Mapping using Salmon
Salmon is a tool for quantifying the expression of transcripts using RNA-seq data.
It is a quasi-mapper: it doesn’t produce the read alignments (and doesn’t output BAM/SAM files). Salmon “quasi-maps” reads to the transcriptome rather than to the genome.
Salmon can also make use of pre-computed alignments (in the form of a SAM/BAM file) instead of the FASTQ files.
Building the Salmon index
To make an index for Salmon, we need transcript sequences in the FASTA format.
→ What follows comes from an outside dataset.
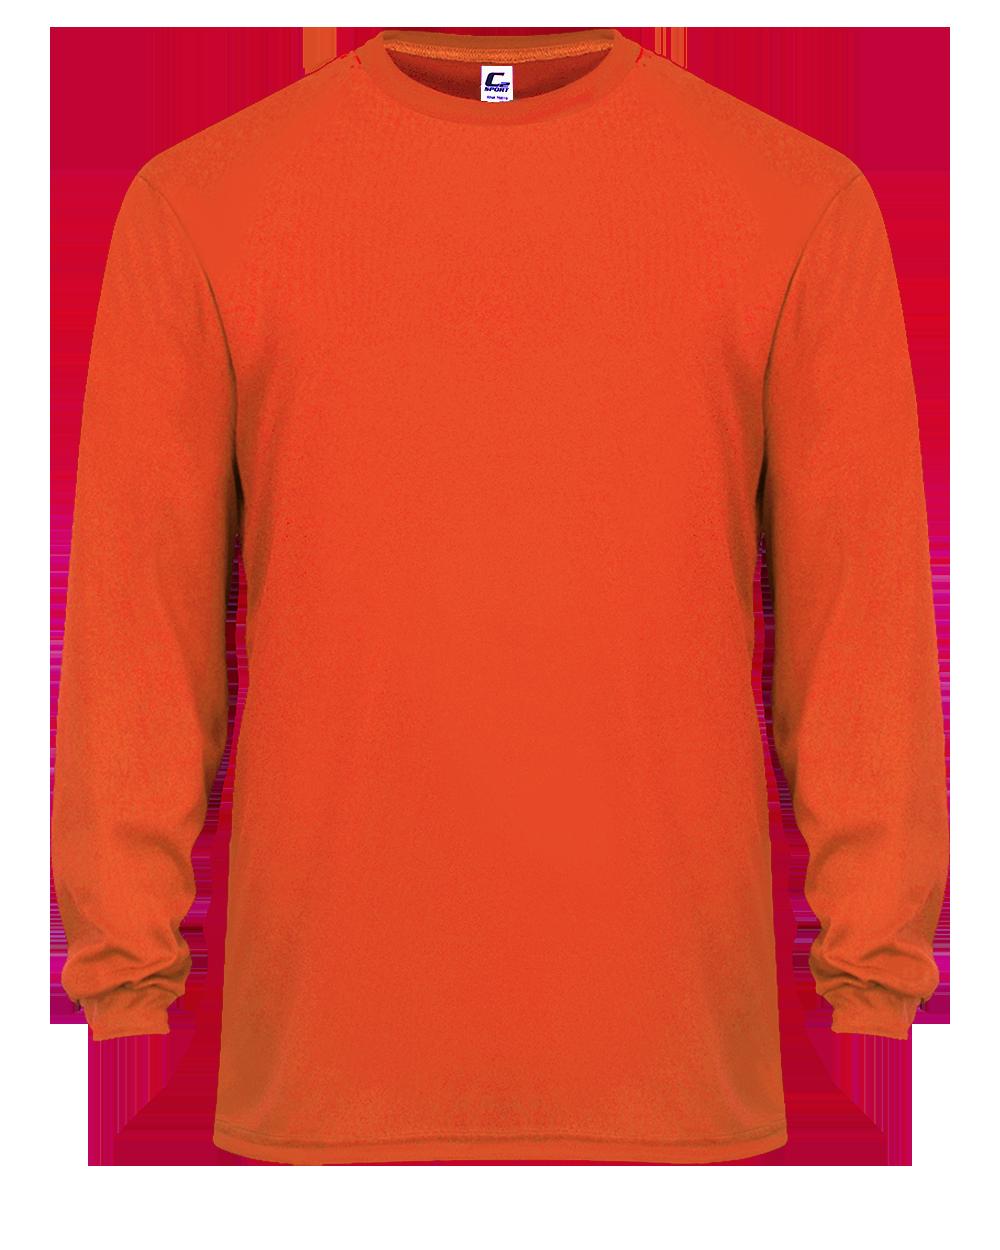 C2 L/S Tee - Burnt Orange (005104BO)
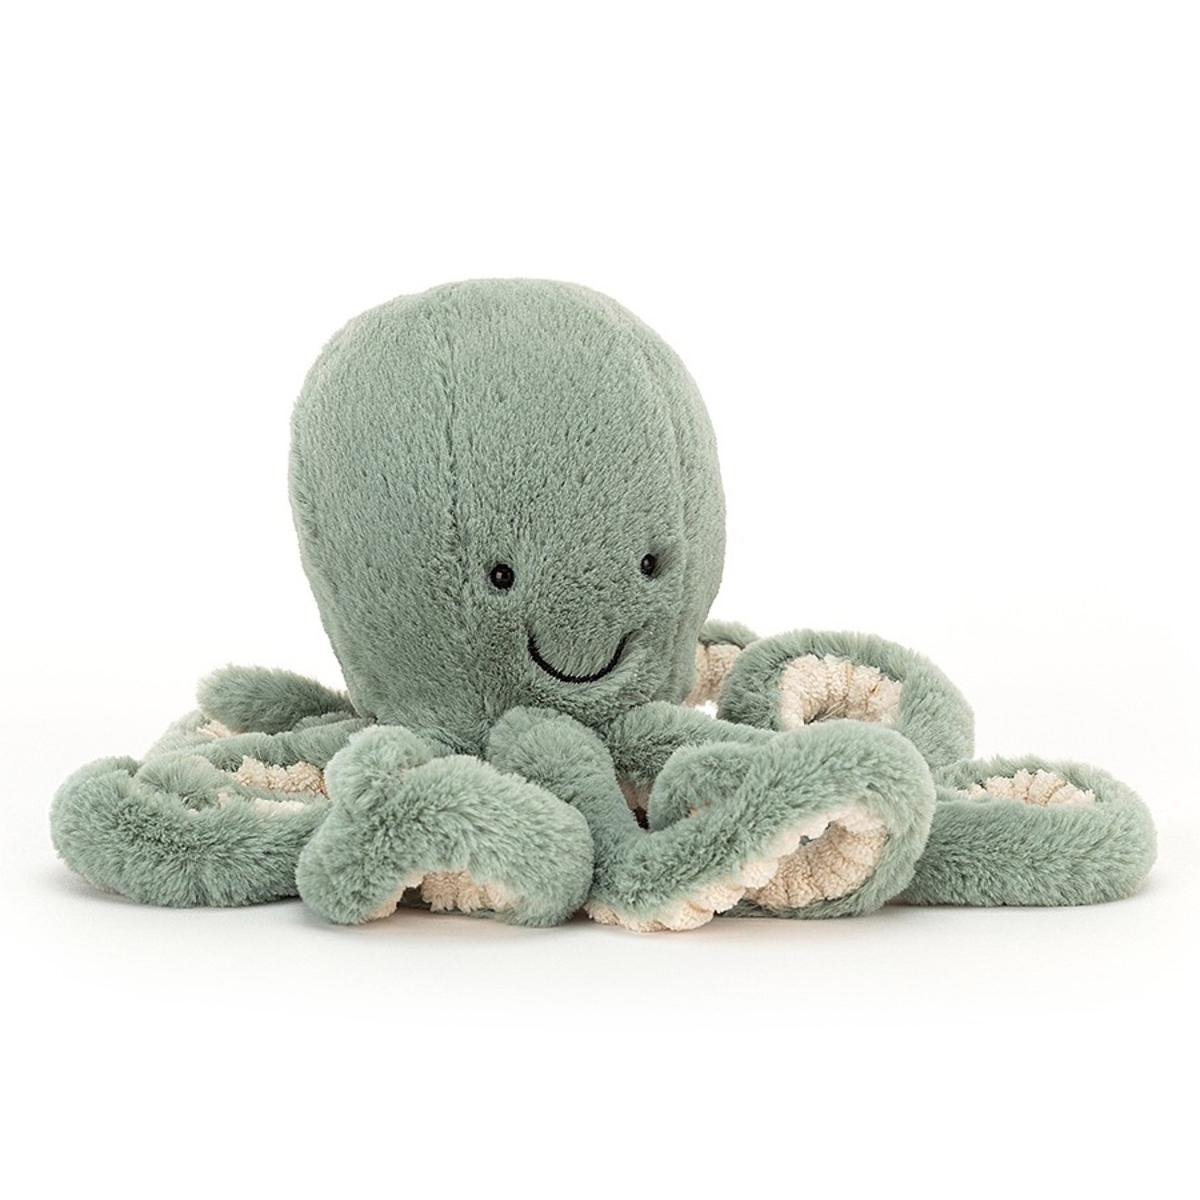 Peluche Odyssey Octopus - Small Peluche Pieuvre 23 cm

This can be found easily in GENCODE.
The transcript sequences corresponding to chromosome 6 was prepared and already downloaded in ~/rnaseq_course/reference_genome/
Salmon does not need any decompression of the input, so we can index by using this command:
cd ~/rnaseq_course/mapping
# index and store the index files in index_salmon folder
$RUN salmon index -t ~/rnaseq_course/reference_genome/reference_chr6/gencode.v33.transcripts.chr6.fa.gz \
-i index_salmon \
--gencode
We add the parameter –gencode as our data come from Gencode version 33 and their header contains several identifiers separated by the character |. This parameter allows the program to parse the header and keep only the transcript identifier.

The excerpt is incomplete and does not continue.